Grundsätzlich nein. § 17 MuSchG verbietet die Kündigung ab Beginn der Schwangerschaft bis 4 Monate nach der Entbindung — auch in der Probezeit und im Kleinbetrieb. Ausnahmen sind nur mit vorheriger Zustimmung der Aufsichtsbehörde möglich und extrem selten.
Der Arbeitgeber wusste nichts von der Schwangerschaft — gilt der Schutz trotzdem?
Ja. Teilen Sie dem Arbeitgeber die Schwangerschaft innerhalb von 2 Wochen nach Zugang der Kündigung mit, greift das Kündigungsverbot rückwirkend. Haben Sie selbst erst später von der Schwangerschaft erfahren, kann die Mitteilung sogar noch danach unverzüglich nachgeholt werden.
Was passiert, wenn die Kündigung unwirksam ist?

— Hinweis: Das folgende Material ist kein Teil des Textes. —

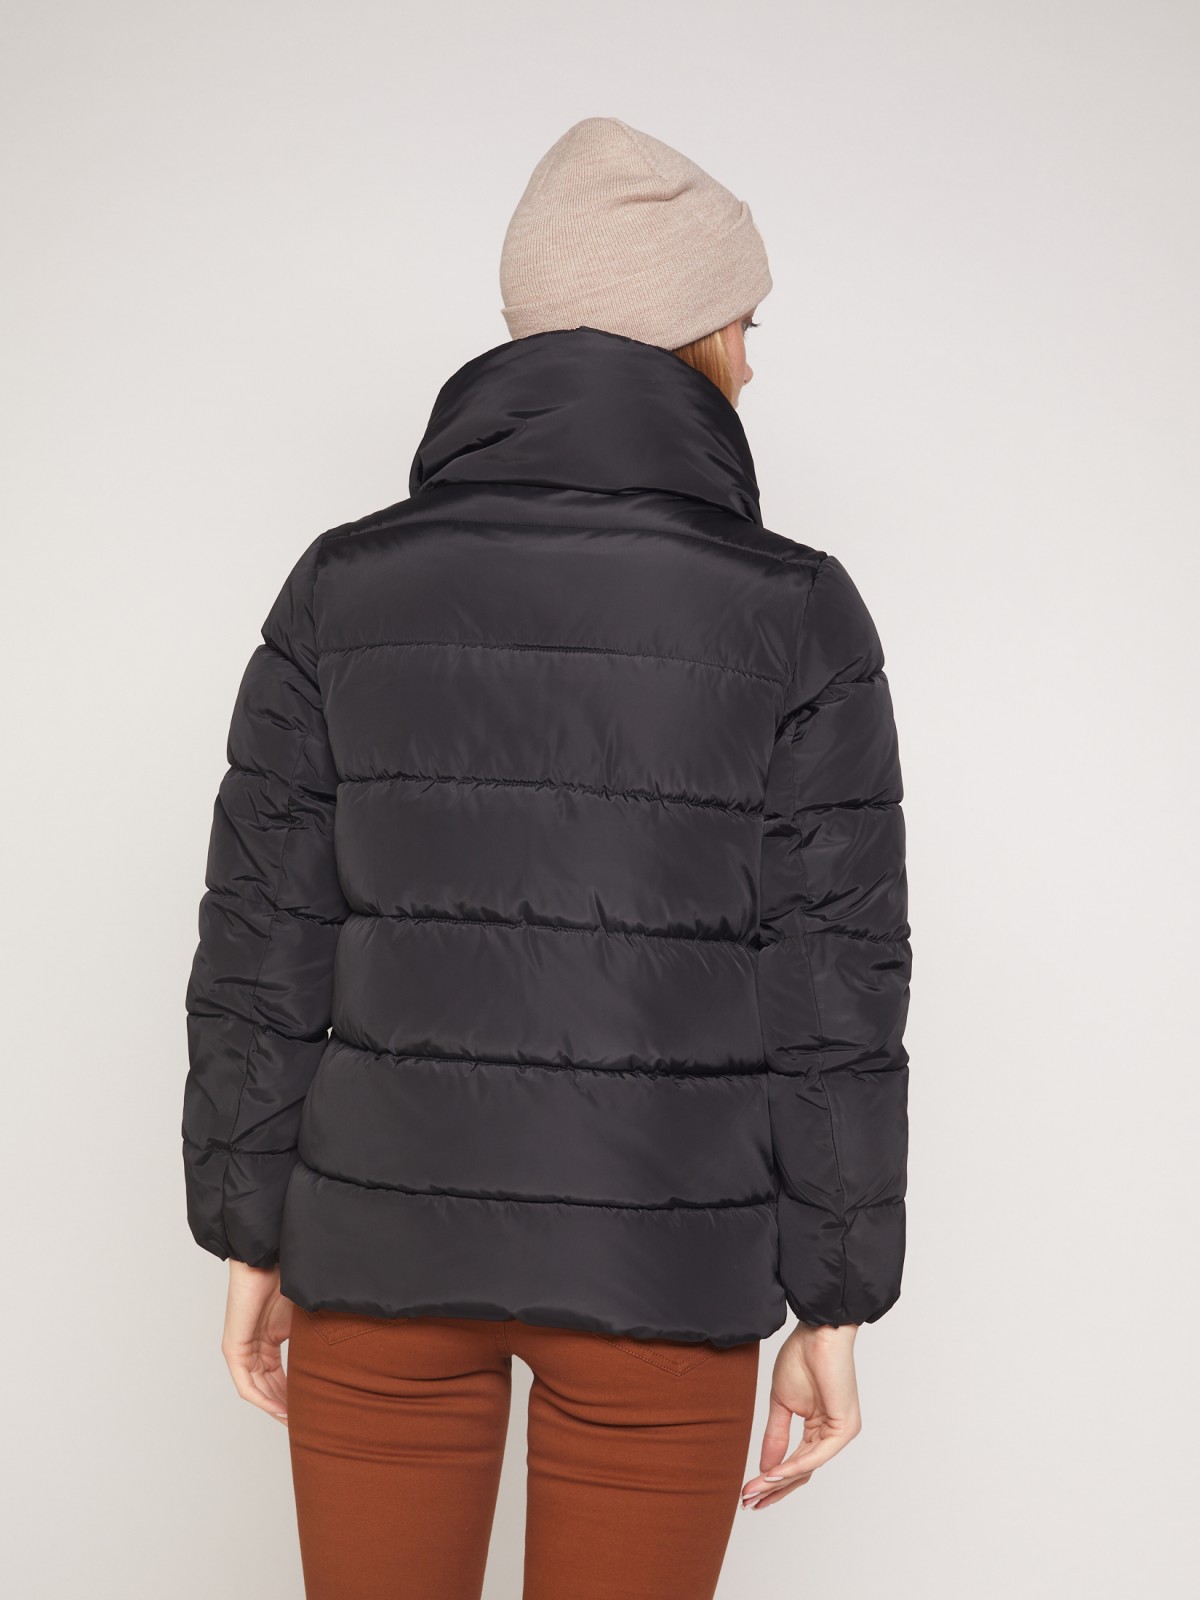 Тёплая куртка с высоким воротником-стойкой zolla 021335102054, цвет черный, размер XS - фото 6
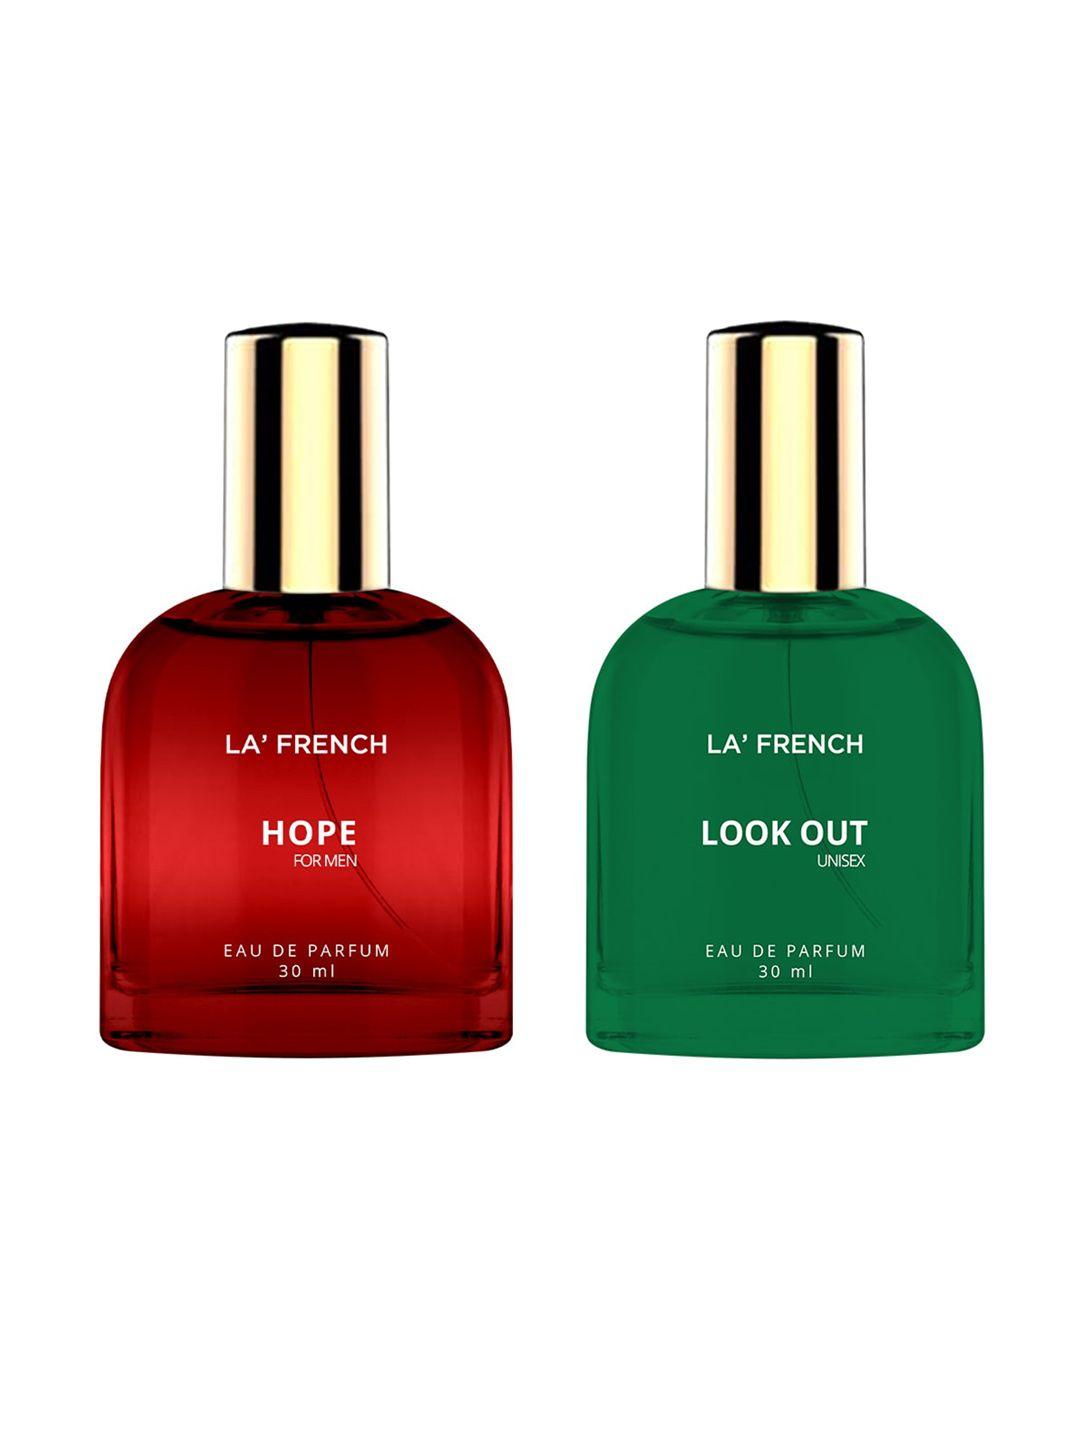 la french set of 2 hope & look out eau de parfum - 30ml each

Das Arbeitsverhältnis besteht fort: Anspruch auf Beschäftigung bzw. Mutterschutzlohn, Mutterschaftsgeld-Zuschuss und den vollen Schutz bis nach der Elternzeit (dort greift § 18 BEEG). Alternativ lässt sich aus dieser starken Position eine sehr gute Abfindung verhandeln.
Gilt der Schutz auch bei befristeten Verträgen?
Das Kündigungsverbot schützt vor Kündigungen — nicht vor dem regulären Auslaufen einer Befristung. Ein befristeter Vertrag endet trotz Schwangerschaft zum vereinbarten Termin.